FACTUAL AND PROCEDURAL BACKGROUND

Stephen Neel (Mr. Neel) brought a workers’ compensation claim against Western Construction, Inc. and its workers’ compensation surety, Advantage Workers Compensation Insurance Co. (collectively Surety), for an injury he sustained in an industrial accident that occurred during the course of his employment. The accident occurred on September 14, 2005. Mr. Neel first filed a claim with the Commission on October 13, 2005. Surety initially denied Mr. Neel’s workers’ compensation claim. Following a hearing, the Commission found in favor of Mr. Neel. On June 8, 2007, the Commission ordered Surety to compensate Mr. Neel for his injuries.

Mr. Neel submitted invoices in the amount of $100,712.71 to Surety for payment. Mr. Neel claims some of the medical bills submitted were already paid by Mr.

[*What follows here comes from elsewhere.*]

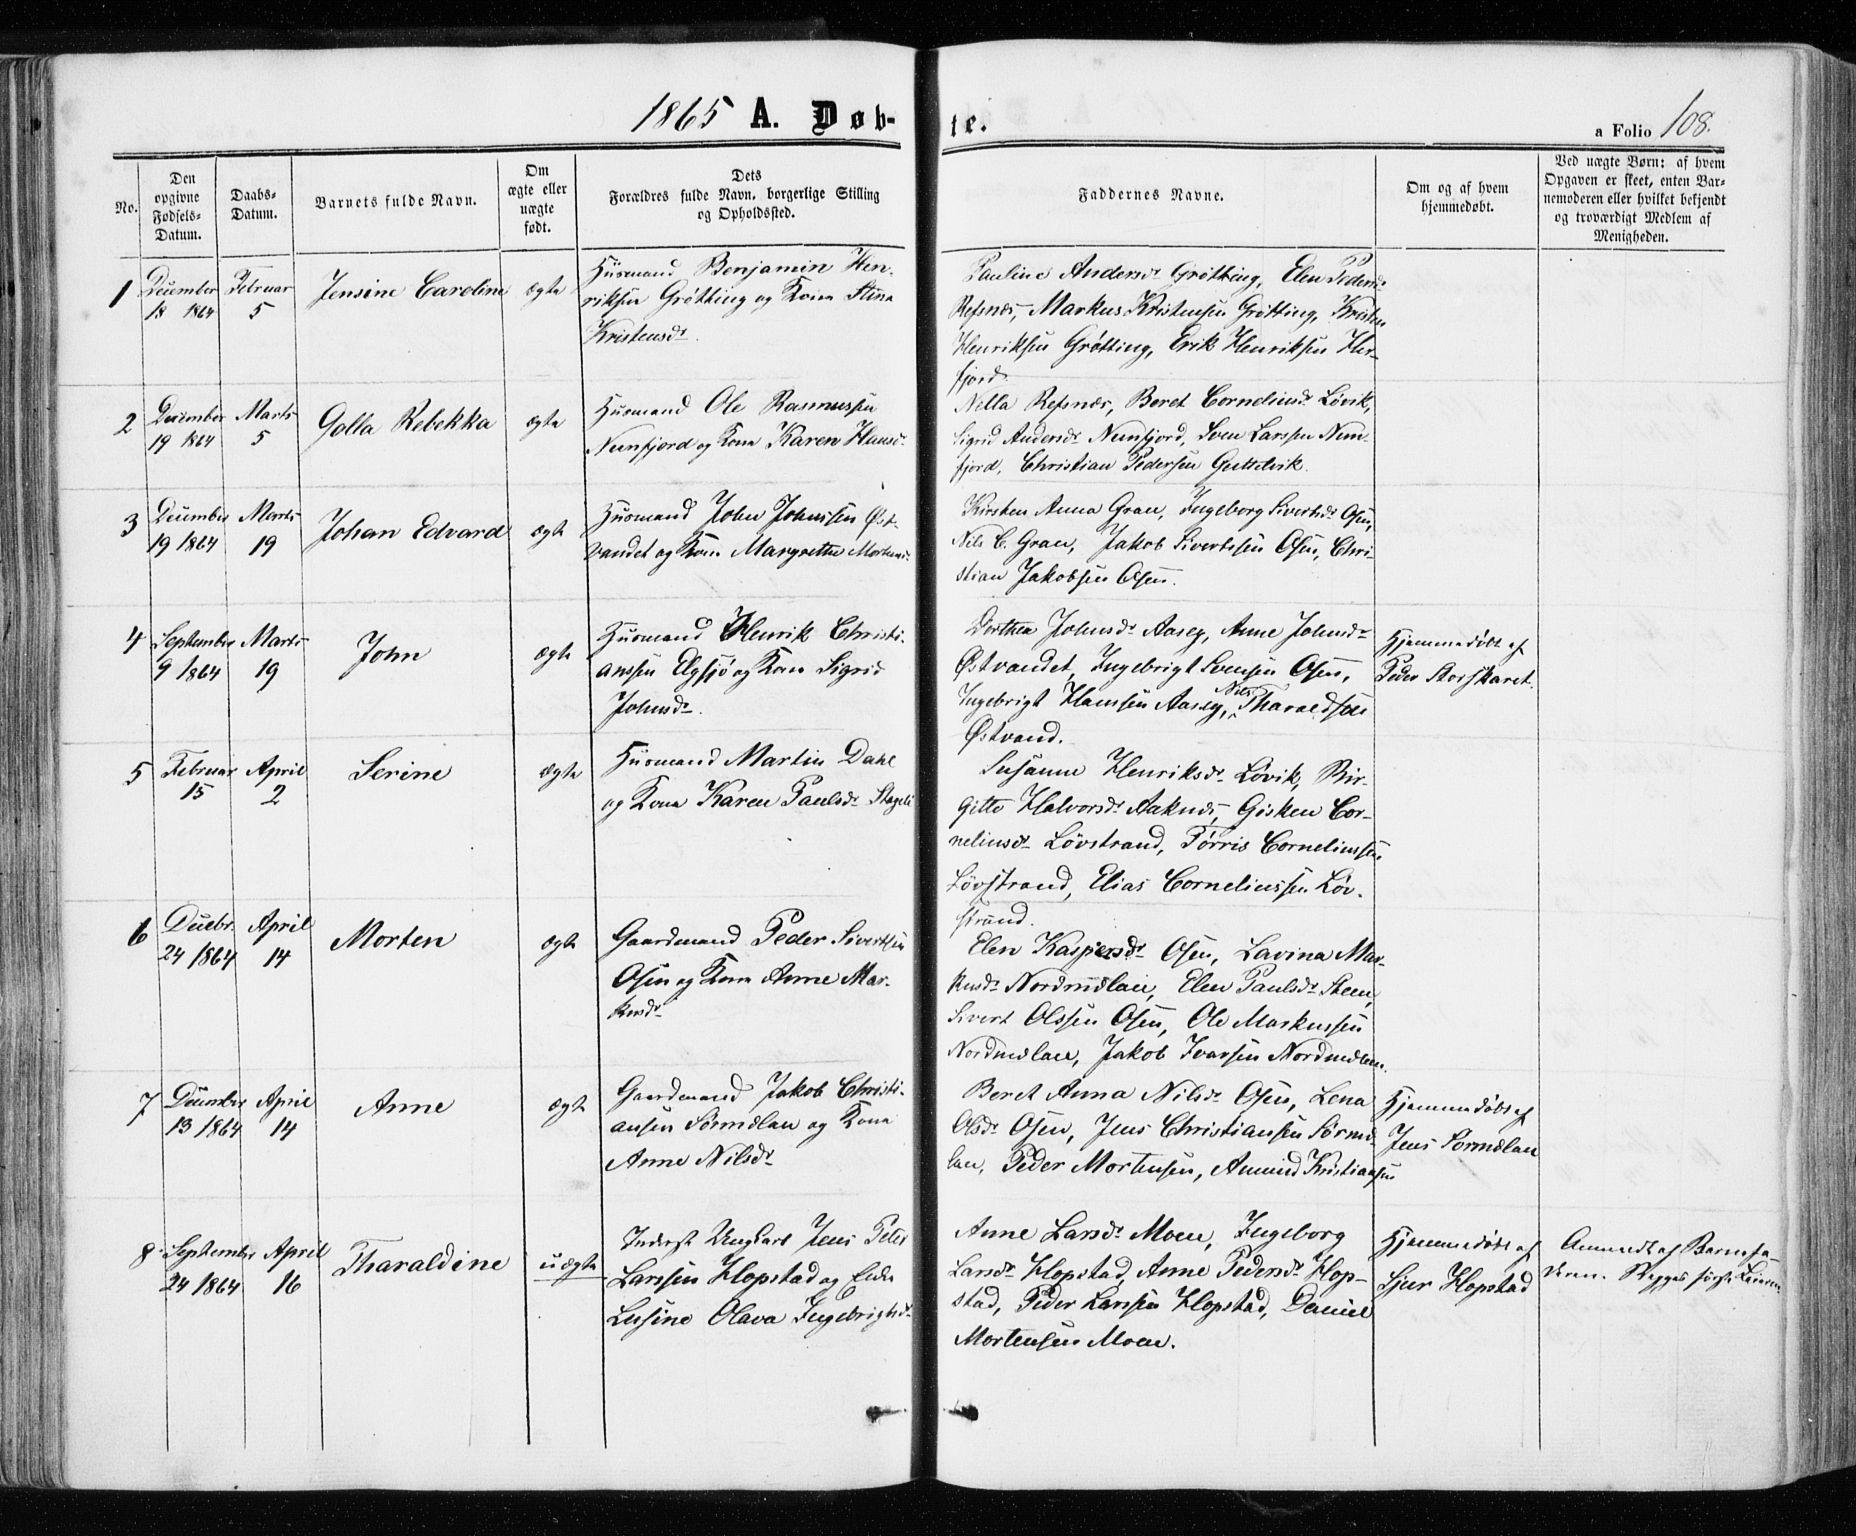 SAT, Ministerialprotokoller, klokkerbøker og fødselsregistre - Sør-Trøndelag, 657/L0705: Ministerialbok nr. 657A06, 1858-1867, s. 108

Neel’s nonindustrial medical insurance while others went unpaid due to the expiration of said insurance. The record is bereft of any evidence supporting Mr. Neel’s claim that any of his medical bills went unpaid.

*147 Surety followed its usual procedure and reviewed the medical bills for reasonableness under the workers’ compensation regulatory scheme. Based on its review, Surety tendered $92,072.71 as full payment for the medical benefits awarded to Mr. Neel. 1 Along with payment, Surety provided a breakdown of what it considered to be reasonable charges for the medical services provided to Mr. Neel under the workers’ compensation regulations.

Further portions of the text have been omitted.